I think this is an awesome idea. An added plus is that her visits are only $38, which is only a few dollars more than what I pay for the office visit at the vets office. And not that I want to think about it, but it's good to know that if or when the day comes that one of my dogs would need to be put to sleep, she would do this at my home, which I think would be more comforting to my dog and for my family as well.

So, what do you guys think of this? Does anybody use a vet like this instead of going to the vet's office?


----------



## Kittilicious (Sep 25, 2011)

My vet will come to our house to put dogs/cats down if you ask her too, but I'm not sure about checkups & such, but that is a GREAT thing to offer! More vets should do that!


----------



## sharkey19 (Sep 25, 2011)

Wow, what impresses me is how cheap that is. Do you mind me asking generally speaking what area you live in? I know you can't see a vet around my area for less than $65.


----------



## Germanshepherdlova (Apr 16, 2011)

I added my location now, but it's Cleveland Ohio.

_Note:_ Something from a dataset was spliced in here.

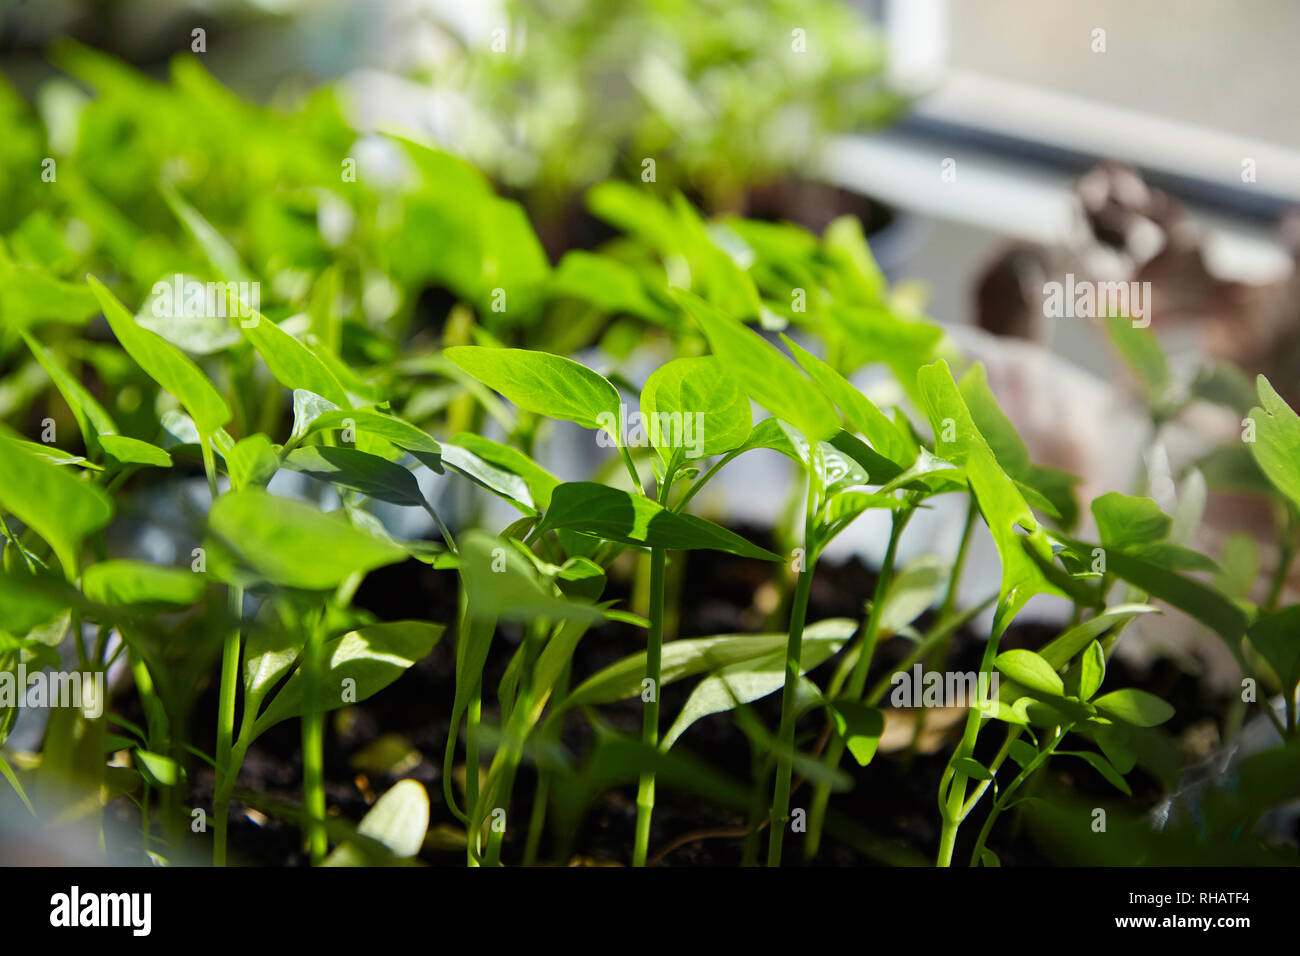 Sämling von Paprika. Junge grüne Paprika mit Blätter wachsen Pflanzen aus Samen im Boden in Kästen auf Fensterbänke Innen. Topfpflanzen Paprika Keimlinge Grün Le Stockfoto

Of course at the vet I take my dogs to it's $35 to get your foot in the door but one they tally up the bill a simple ear infection (my lab is prone to these) is about $100 to treat, and my GSD's hot spots are about $150, so it adds up one way or the other. Especially when they charge $15 to clean my dogs ear, at the dog wash it's only $5 to get my dogs ears cleaned.


----------



## sharkey19 (Sep 25, 2011)

Ya, here it is typically $65 just to get in the door as well. I know it definitely adds up fast. I'm just amazed at the price difference! Everything costs more in canada I suppose *sigh*


----------



## Germanshepherdlova (Apr 16, 2011)

sharkey19 said:


> Ya, here it is typically $65 just to get in the door as well. I know it definitely adds up fast. I'm just amazed at the price difference! Everything costs more in canada I suppose *sigh*


Maybe not, Ohio has a lower cost of living than many other states, and consequently lower wages as well. I am sure that someone from New York would have a much different price story than mine. Hubby is from there, and let me tell you-they charge much more for stuff there, of course wages are also higher though.


----------



## Stosh (Jun 26, 2010)

There's a mobile vet in my town and she can do minor surgeries and some x-rays in her van.


----------



## lkcheertex (Apr 20, 2011)

Our vet comes to our house. Her whole business is traveling. She has a small RV that looks just like a vet's office on the inside. We have used her for years.


----------



## Germanshepherdlova (Apr 16, 2011)

Stosh said:


> There's a mobile vet in my town and she can do minor surgeries and some x-rays in her van.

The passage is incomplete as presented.